Basis for Box Topology
Theorem
Let $\family {\struct {S_i, \tau_i} }_{i \mathop \in I}$ be an $I$-indexed family of topological spaces.
Let $S$ be the cartesian product of $\family {S_i}_{i \mathop \in I}$.
That is:
- $\ds S := \prod_{i \mathop \in I} S_i$
Define:
- $\ds \BB := \set {\prod_{i \mathop \in I} U_i: \forall i \in I: U_i \in \tau_i}$
Then $\BB$ is a synthetic basis on $S$.
Proof
Let us check the two conditions for $\BB$ to be a synthetic basis in turn.
$(\text B 1)$: Covering
From Open Set Axiom $\paren {\text O 3 }$: Underlying Set is Element of Topology, we have $S_i \in \tau_i$ for all $i \in I$.
Thus $S = \ds \prod_{i \mathop \in I} S_i \in \BB$.
Hence by Set is Subset of Union: General Result, we have:
- $S \subseteq \ds \bigcup \BB$
so $\BB$ is a cover for $S$.
$\Box$
$(\text B 2)$: Intersections are Unions
Let $A = \ds \prod_{i \mathop \in I} U_i$ and $B = \ds \prod_{i \mathop \in I} V_i$ be in $\BB$.

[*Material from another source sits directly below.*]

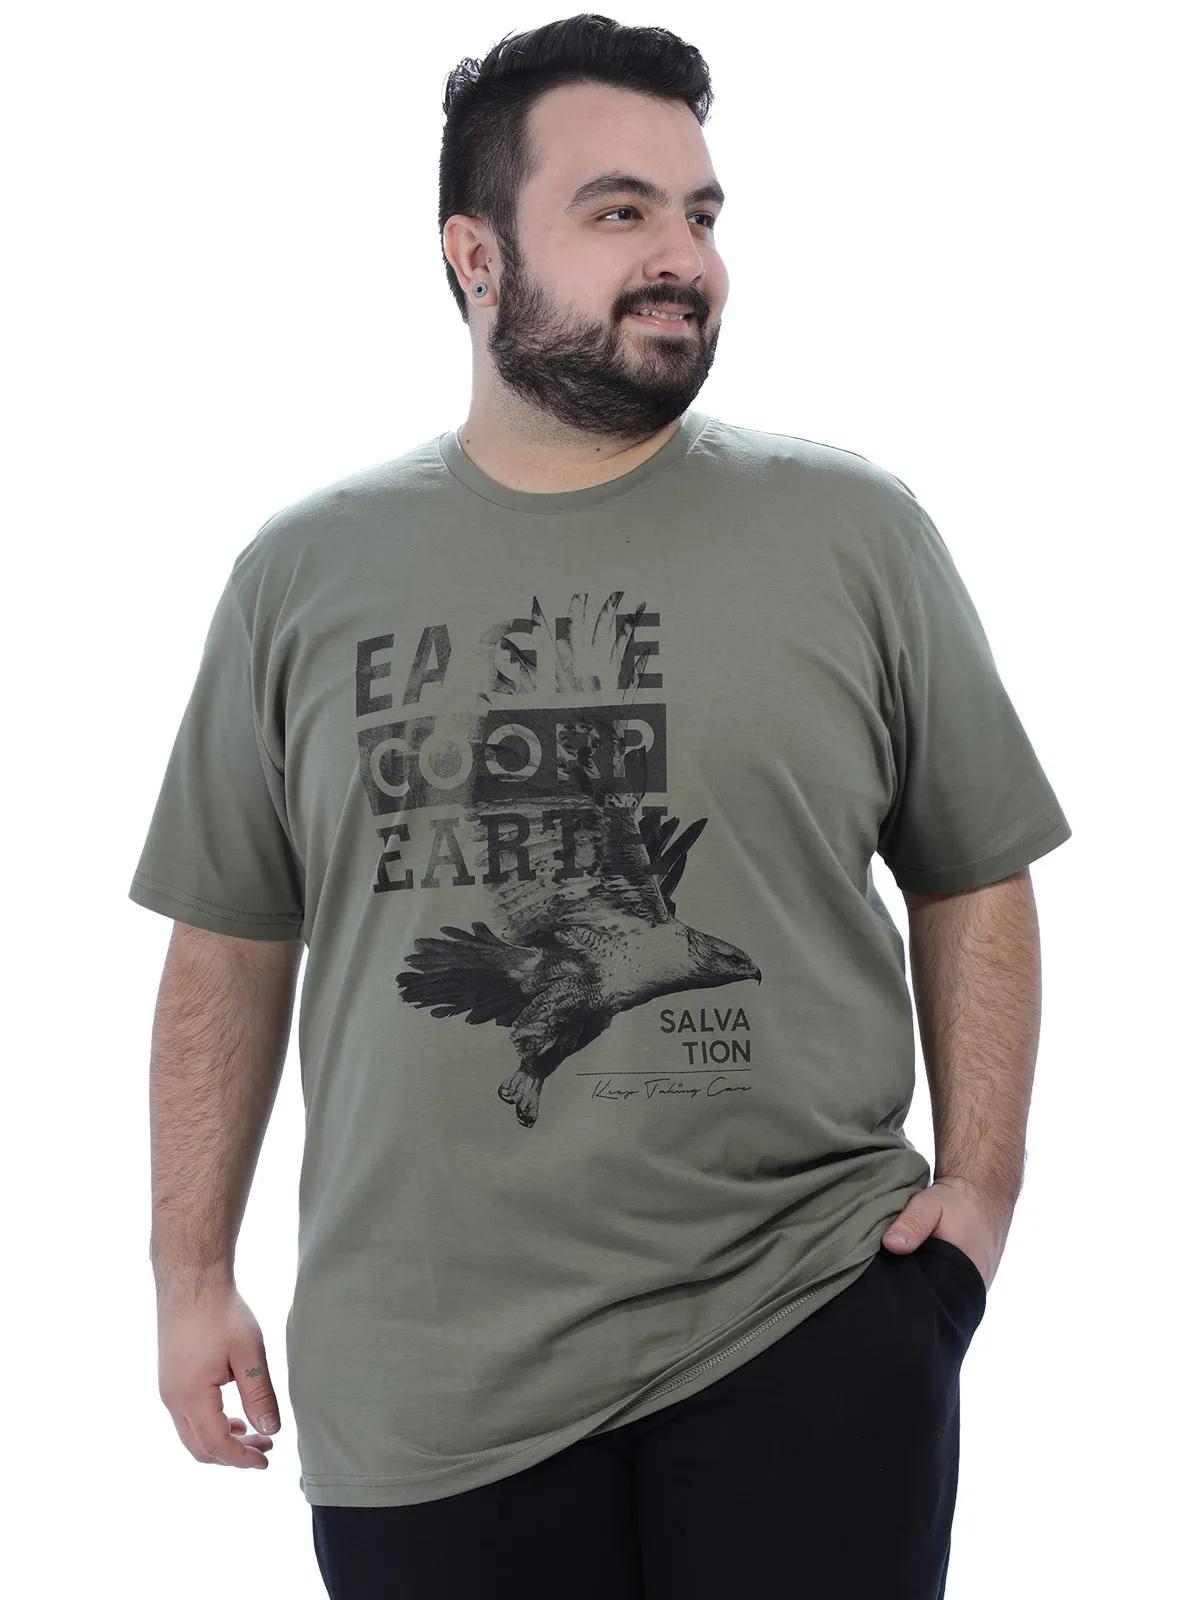 Camiseta Plus Size Masculino Manga Curta Estampada Bambú
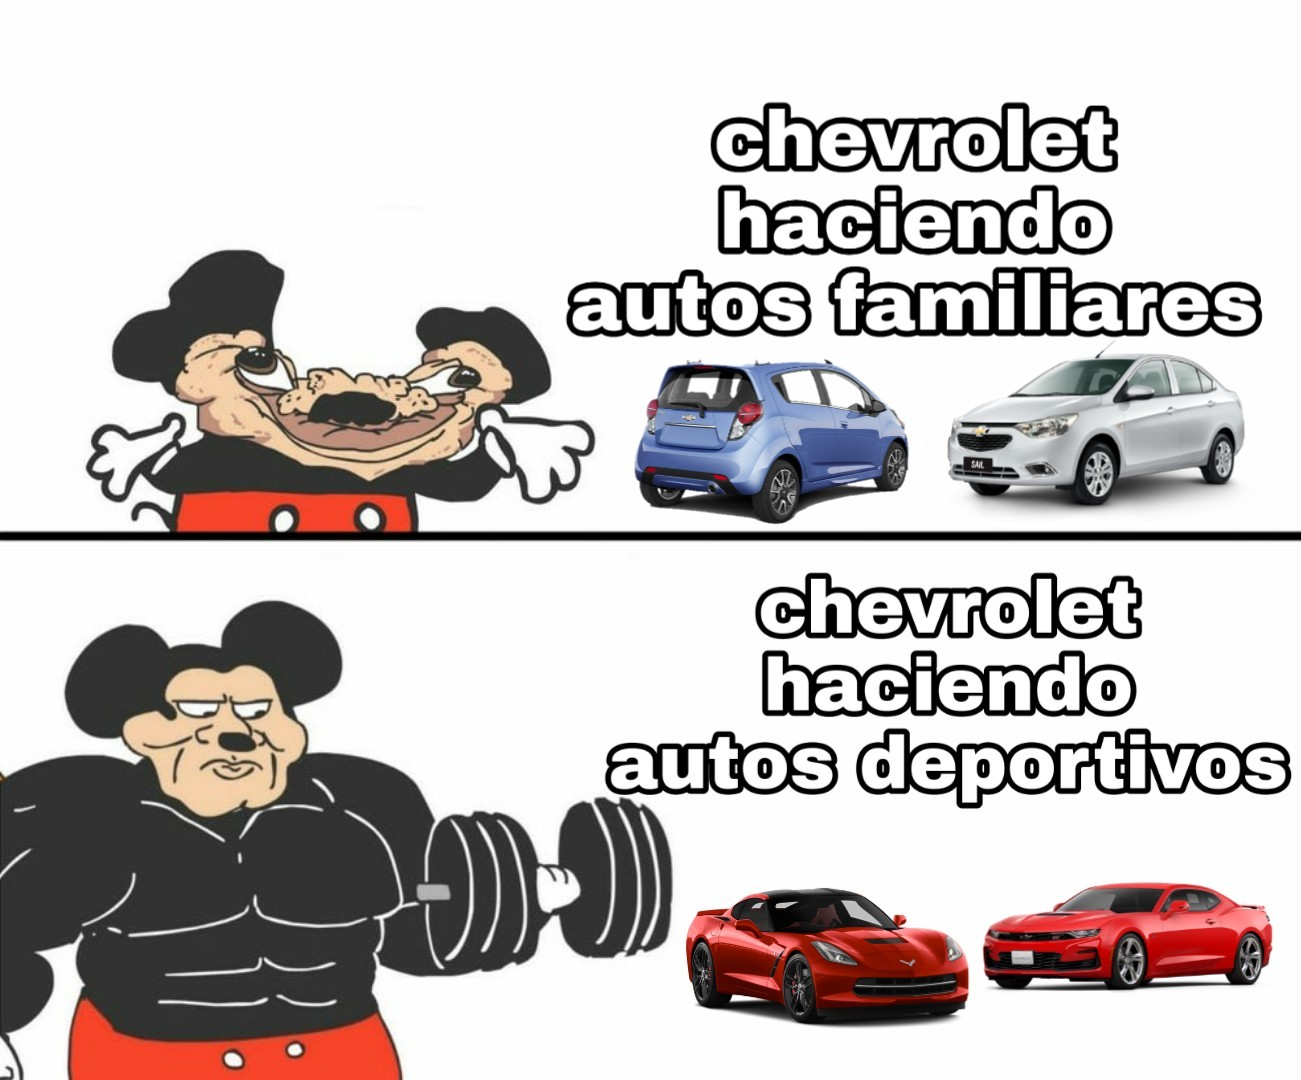 spark chikito - meme

Then by Cartesian Product of Intersections, we have:
- $A \cap B = \ds \prod_{i \mathop \in I} \paren {U_i \cap V_i}$
By Open Set Axiom $\paren {\text O 2 }$: Pairwise Intersection of Open Sets, $U_i \cap V_i \in \tau_i$ for all $i \in I$.
Hence $A \cap B \in \BB$, and in particular, by Union of Singleton:
- $A \cap B = \ds \bigcup \set {A \cap B}$
$\Box$
Having verified both conditions, we conclude $\BB$ is a synthetic basis on $S$.
$\blacksquare$